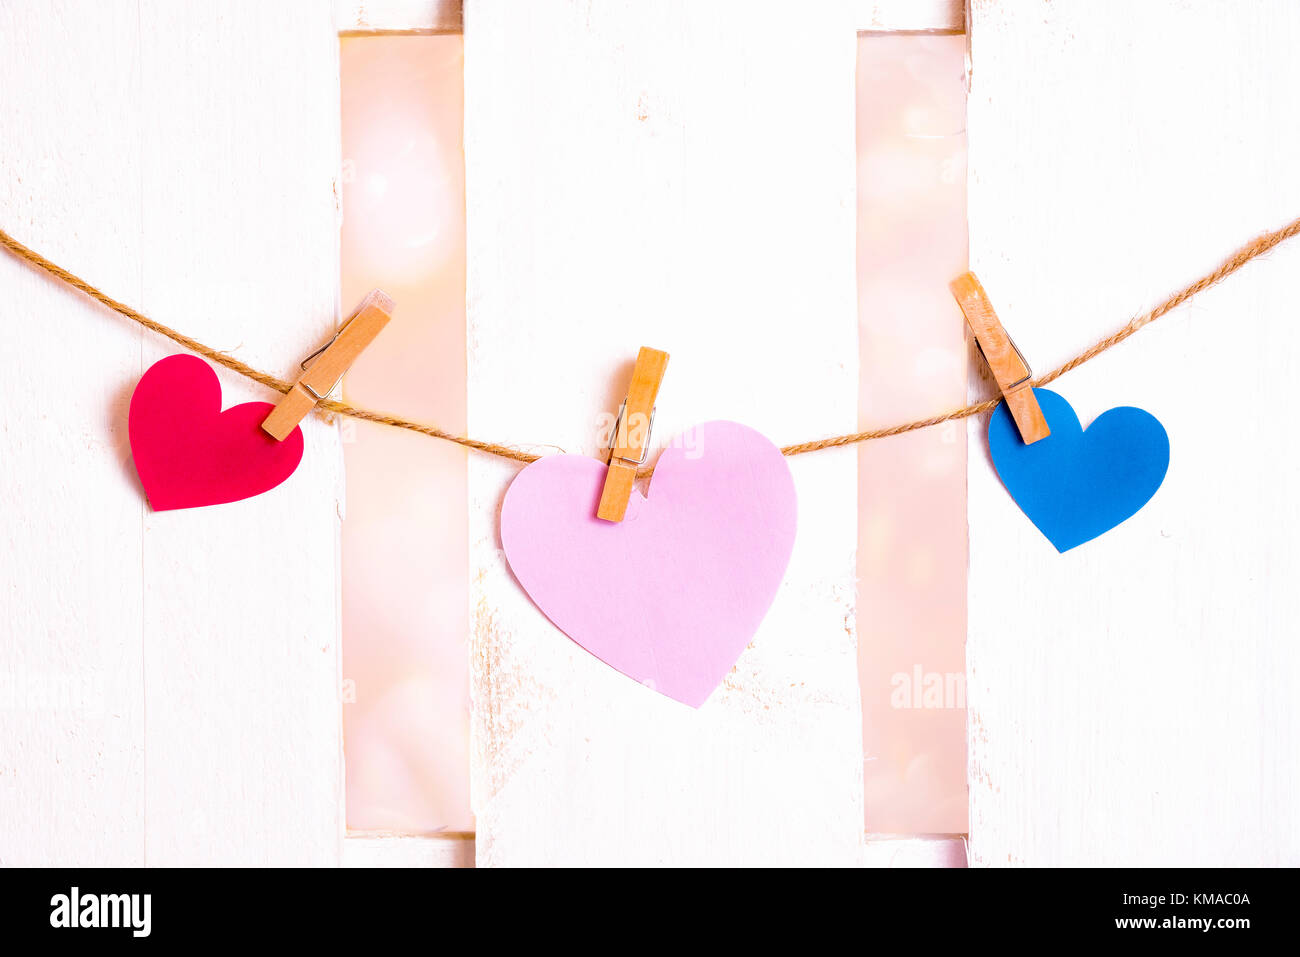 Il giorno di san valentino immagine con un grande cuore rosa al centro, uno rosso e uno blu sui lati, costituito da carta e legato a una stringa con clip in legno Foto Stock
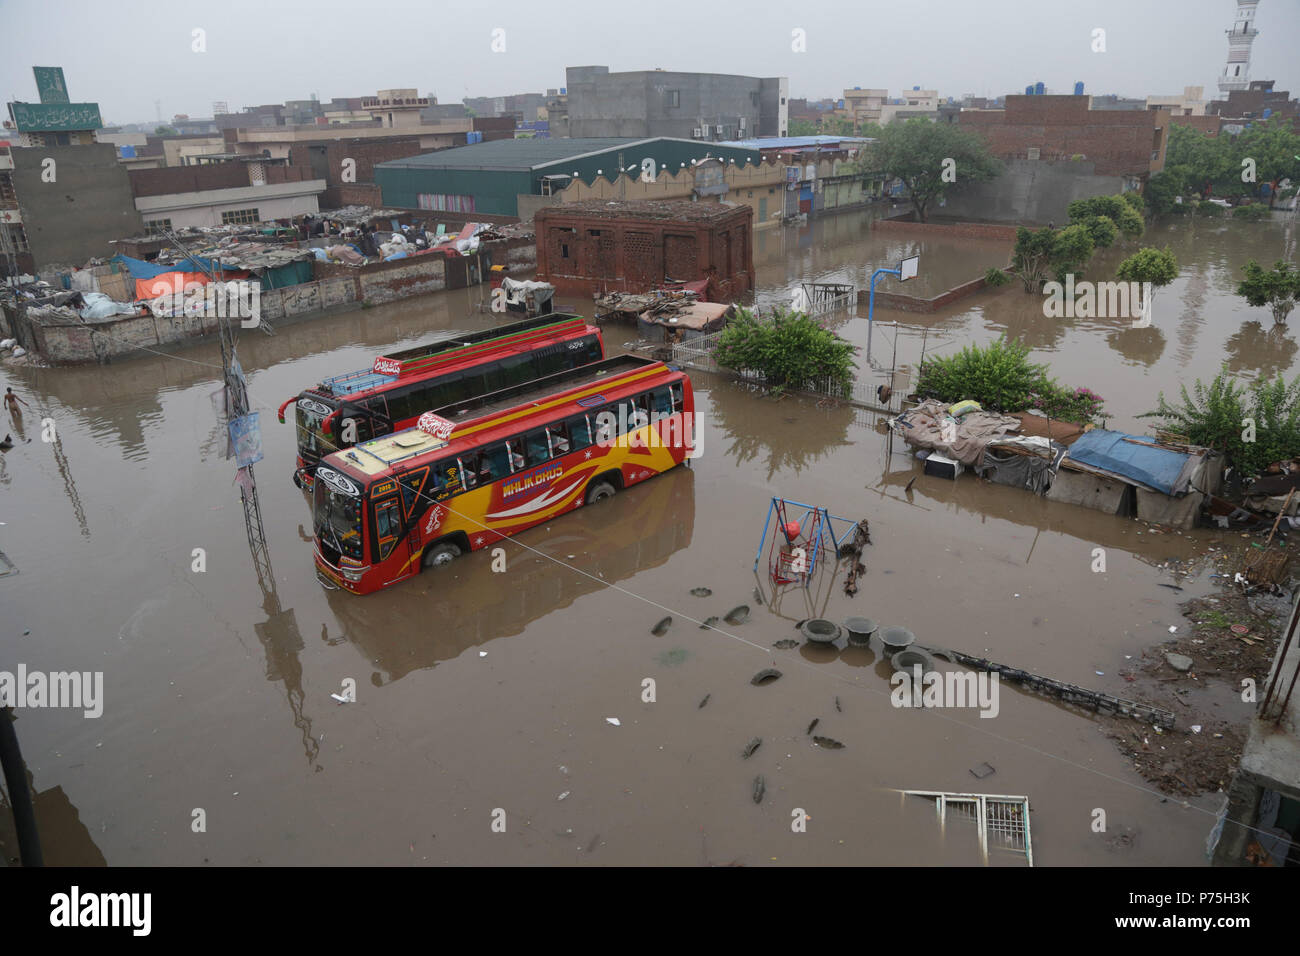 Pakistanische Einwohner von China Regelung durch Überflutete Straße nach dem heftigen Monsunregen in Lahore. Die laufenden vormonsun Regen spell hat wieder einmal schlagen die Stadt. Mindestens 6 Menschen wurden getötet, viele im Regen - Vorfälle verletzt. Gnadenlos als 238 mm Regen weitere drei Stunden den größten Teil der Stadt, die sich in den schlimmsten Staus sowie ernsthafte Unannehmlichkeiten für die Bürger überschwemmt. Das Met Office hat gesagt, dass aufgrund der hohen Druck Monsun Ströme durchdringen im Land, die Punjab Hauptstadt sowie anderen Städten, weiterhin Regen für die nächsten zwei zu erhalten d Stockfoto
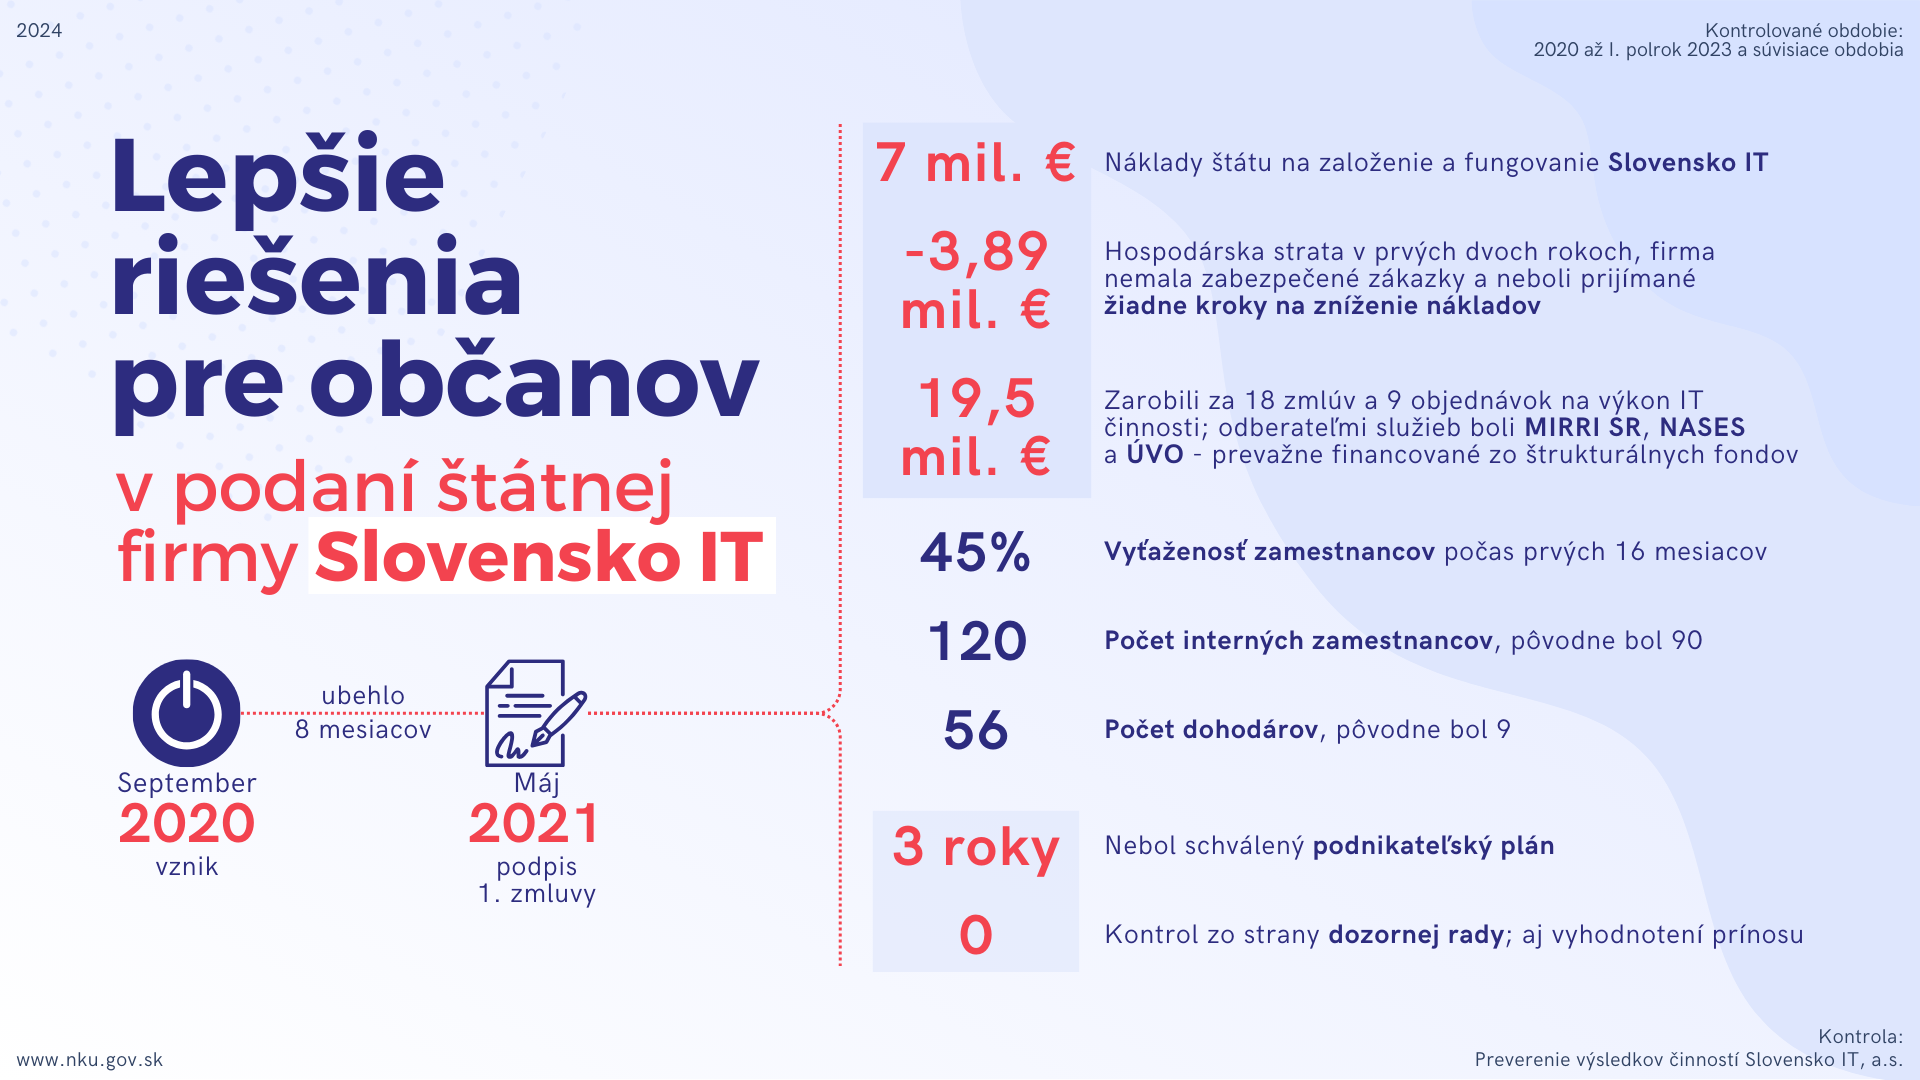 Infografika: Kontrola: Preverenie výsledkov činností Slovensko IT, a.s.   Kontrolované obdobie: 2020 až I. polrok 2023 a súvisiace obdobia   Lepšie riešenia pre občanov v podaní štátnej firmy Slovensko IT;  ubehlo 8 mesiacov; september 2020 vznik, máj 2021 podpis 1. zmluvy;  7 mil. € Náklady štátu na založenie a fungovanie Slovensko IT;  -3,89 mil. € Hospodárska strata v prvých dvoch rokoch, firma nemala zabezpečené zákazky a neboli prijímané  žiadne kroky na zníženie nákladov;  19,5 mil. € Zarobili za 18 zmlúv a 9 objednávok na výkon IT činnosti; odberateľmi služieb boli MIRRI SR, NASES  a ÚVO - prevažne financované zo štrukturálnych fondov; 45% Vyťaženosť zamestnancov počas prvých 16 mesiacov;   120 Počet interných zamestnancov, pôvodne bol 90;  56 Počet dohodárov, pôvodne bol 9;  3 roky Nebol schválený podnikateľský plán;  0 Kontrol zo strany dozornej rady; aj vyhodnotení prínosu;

▸ **What the exercise asks**
Only the lines from the beginning of the listing up to and including the line with "Pakistanische Einwohner von" should appear in the reply, copied word for word and free of pictures.

▸ **Task response**
 Il giorno di san valentino immagine con un grande cuore rosa al centro, uno rosso e uno blu sui lati, costituito da carta e legato a una stringa con clip in legno Foto Stock
 Pakistanische Einwohner von China Regelung durch Überflutete Straße nach dem heftigen Monsunregen in Lahore. Die laufenden vormonsun Regen spell hat wieder einmal schlagen die Stadt. Mindestens 6 Menschen wurden getötet, viele im Regen - Vorfälle verletzt. Gnadenlos als 238 mm Regen weitere drei Stunden den größten Teil der Stadt, die sich in den schlimmsten Staus sowie ernsthafte Unannehmlichkeiten für die Bürger überschwemmt. Das Met Office hat gesagt, dass aufgrund der hohen Druck Monsun Ströme durchdringen im Land, die Punjab Hauptstadt sowie anderen Städten, weiterhin Regen für die nächsten zwei zu erhalten d Stockfoto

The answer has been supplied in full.